# WHY DID HONDA GO FROM HS80/824 TO HS624-HS724 ?



## orangputeh (Nov 24, 2016)

the 80 seems perfect to me. gx240 8 horse married to a 24 inch bucket. the 70 is rare and must not have cut it.

so Honda brings out the smaller 624 and 724? I used both of these tracked machines and they dont measure up to the old 80.
I do have a wheeled 624 with a taller bucket that rivals any 928 I have ever used.

Then Honda comes out with the 828 . not bad machine but the 928 was smarter.

Then the 1132. not bad but Honda realized the 1332 would be better.

I have built 1128's and they are awesome! This is where Honda should have gone from the 828 IMO. 

I have noticed other brands have larger engines onto smaller buckets. It makes much more sense. 
Why not Honda?


----------



## tabora (Mar 1, 2017)

orangputeh said:


> so Honda brings out the smaller 624 and 724?


Different transmission type, though... Experimenting?

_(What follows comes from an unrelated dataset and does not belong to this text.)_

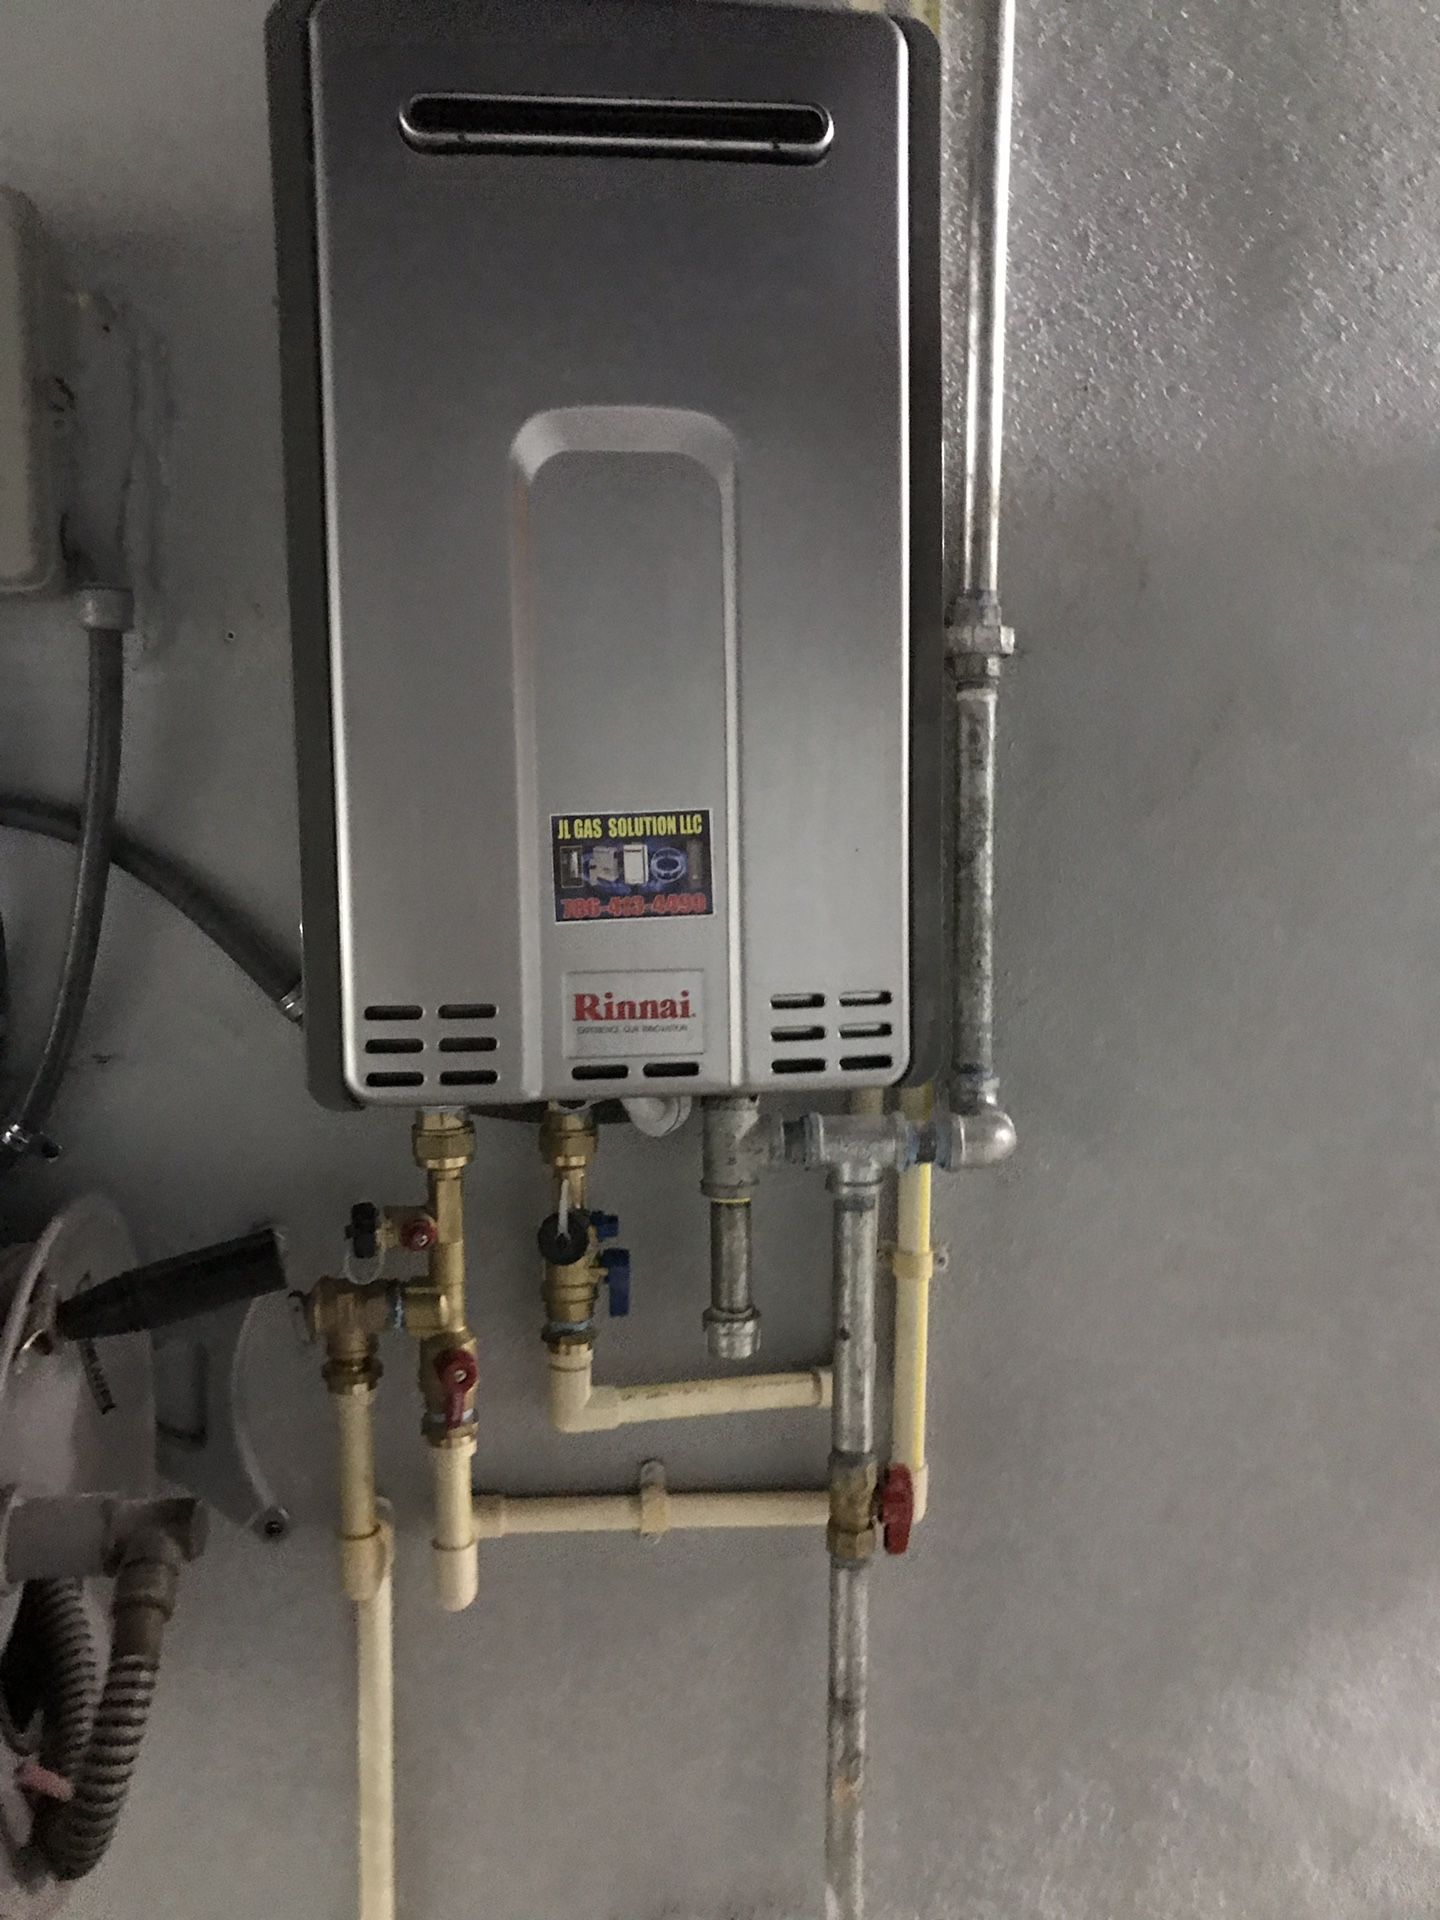 Water heater generadores calentadores installation

I agree on the engine sizing, though. I'm a firm believer in too much horsepower usually being adequate. My small Carolina Skiffs are "rated" for 15HP, so they have 25HP, for those occasional times when they need it.

Should my HSS1332 ever need a new engine because I screwed it up, it's getting a small V-Twin.


----------



## orangputeh (Nov 24, 2016)

tabora said:


> Different transmission type, though... Experimenting?
> 
> I agree on the engine sizing, though. I'm a firm believer in too much horsepower usually being adequate. My small Carolina Skiffs are "rated" for 15HP, so they have 25HP, for those occasional times when they need it.
> 
> Should my HSS1332 ever need a new engine because I screwed it up, it's getting a small V-Twin.


i have an old V twin for you. 77 harley sporty engine.


----------



## tabora (Mar 1, 2017)

orangputeh said:


> i have an old V twin for you. 77 harley sporty engine.


Ha, ha! I was thinking more about one of these two (or whatever the equivalent is then):


----------



## orangputeh (Nov 24, 2016)

tabora said:


> Ha, ha! I was thinking more about one of these two (or whatever the equivalent is then):


what?????you dont want a 1000CC engine with straight pipes?


----------